A nova lei é muito importante a mais de um título. Eis por que, a seguir, vai proposto o texto da lei, ao qual se acrescentarão algumas reflexões.
1. O teor da lei
«LEI Nº 3.459 DE 14 DE SETEMBRO DE 2000
DISPÕE SOBRE ENSINO RELIGIOSO CONFESSIONAL NAS ESCOLAS DA REDE PÚBLICA DE ENSINO DO ESTADO DO RIO DE JANEIRO.
O Governador do Estado do Rio de Janeiro
Faço saber que a Assembléia Legislativa do Estado do Rio de Janeiro decreta e eu sanciono a seguinte Lei.
Art. 1º – O Ensino Religioso, de matrícula facultativa, é parte integrante da formação básica do cidadão, e constitui disciplina obrigatória dos horários normais das escolas públicas, na Educação Básica, sendo disponível na forma confessional de acordo com as preferências manifestadas pelos responsáveis ou pelos próprios alunos a partir de 16 anos, inclusive, assegurado o respeito à diversidade cultural e religiosa do Rio de Janeiro, vedadas quaisquer formas de proselitismo.
Parágrafo Único – No ato da matrícula, os pais ou responsáveis pelos alunos deverão expressar, se desejarem, que seus filhos ou tutelados freqüentem as aulas de ensino religioso.
Art. 2º – Só poderão ministrar aulas de Ensino Religioso nas escolas oficiais professores que atendam às seguintes condições:
I – que tenham registro no MEC, e de preferência que pertençam aos quadros do Magistério Público Estadual;
II – que tenham sido credenciados pela autoridade religiosa competente, que deverá exigir do professor formação religiosa obtida em instituição por ela mantida ou reconhecida.
Art. 3º – Fica estabelecido que o conteúdo do ensino religioso é atribuição específica das diversas autoridades religiosas, cabendo ao Estado o dever de apoiá-lo integralmente.
Art. 4º – A carga horária mínima da disciplina de Ensino Religioso será estabelecida pelo Conselho Estadual de Educação, dentro das 800 (oitocentas) horas-aulas anuais.
Art. 5º – Fica autorizado o Poder Executivo a abrir concurso público específico para a disciplina de Ensino Religioso, para suprir a carência de professores de Ensino Religioso para a regência de turmas na educação básica, especial, profissional e na reeducação, nas unidades escolares da Secretaria de Estado de Educação, de Ciência e Tecnologia e de Justiça, e demais órgãos a critério do Poder Executivo Estadual.
Parágrafo Único – A remuneração dos professores concursados obedecerá aos mesmos padrões remuneratórios de pessoal do quadro permanente do Magistério Público Estadual.
Art. 6º – Esta lei entrará em vigor na data de sua publicação, revogadas as disposições em contrário.
Rio de Janeiro, 14 de setembro de 2000.
ANTHONY GAROTINHO»
2. Comentando…
Cinco tópicos se propõem à reflexão.
2.1. Opinião pública
Ao lado de pareceres desfavoráveis à nova lei, a imprensa noticiou opiniões muito positivas, como se vê a seguir:
«Pesquisa por amostragem divulgada em maio pelo Núcleo de Pesquisas Sociais Aplicadas, Informação e Políticas Públicas (DataUff), encomendada pelo Centro de Articulação de Populações Marginalizadas (Ceap), apontou que 85% dos entrevistados no estado do Rio acham que deve haver ensino religioso nas escolas públicas».
«O rabino Eliezer Stauber, da Sinagoga de Copacabana, considera a lei positiva. ‘Vida sem religião traz uma vida sem conteúdo.
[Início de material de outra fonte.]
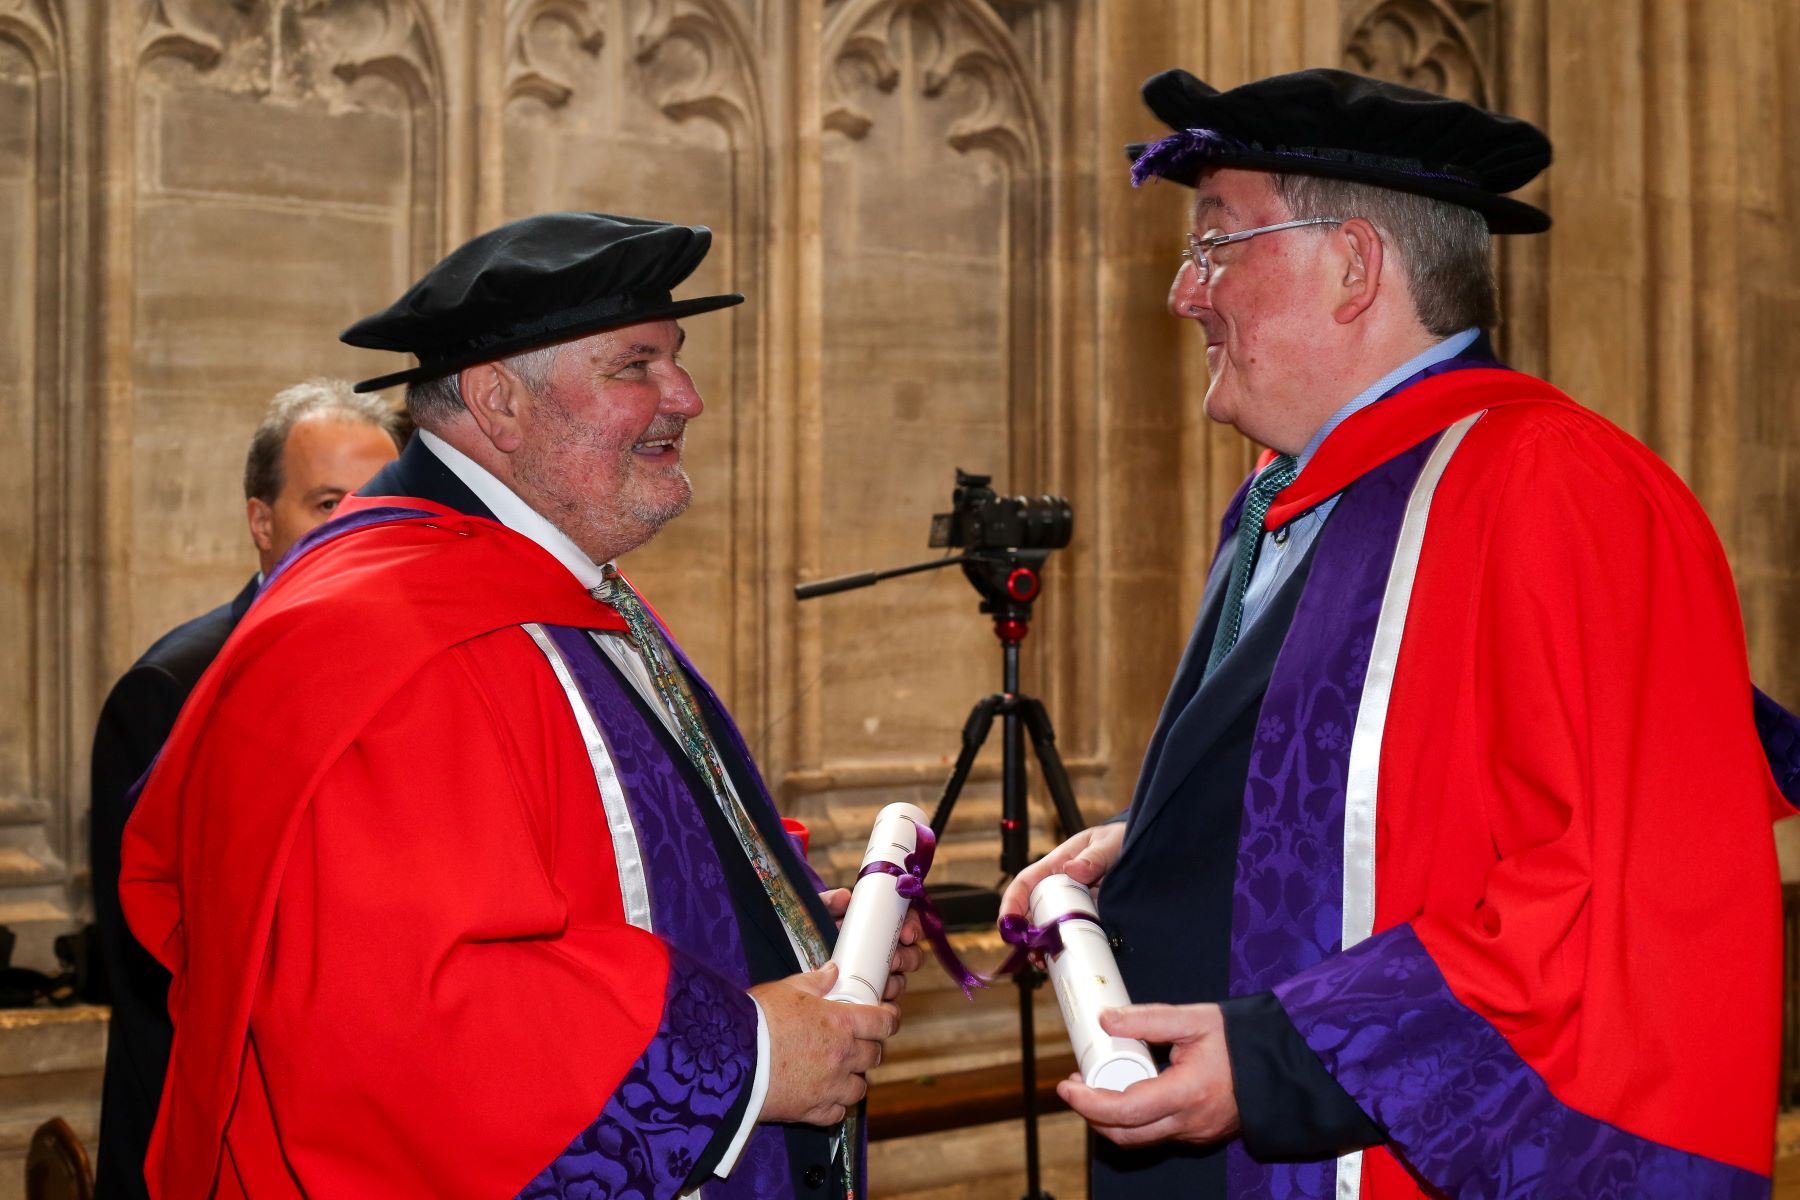 Two men in red academic robes facing each other

Muitos problemas que estamos passando aqui no Brasil são porque estamos nos afastando da religião, seja ela qual for, afirmou. Para o rabino, não faltarão professores. ‘Não falta gente para ensinar; falta para aprender’, disse Stauber».
(Notícias extraídas do JORNAL DO BRASIL, edição de 15/9/00, p. 20).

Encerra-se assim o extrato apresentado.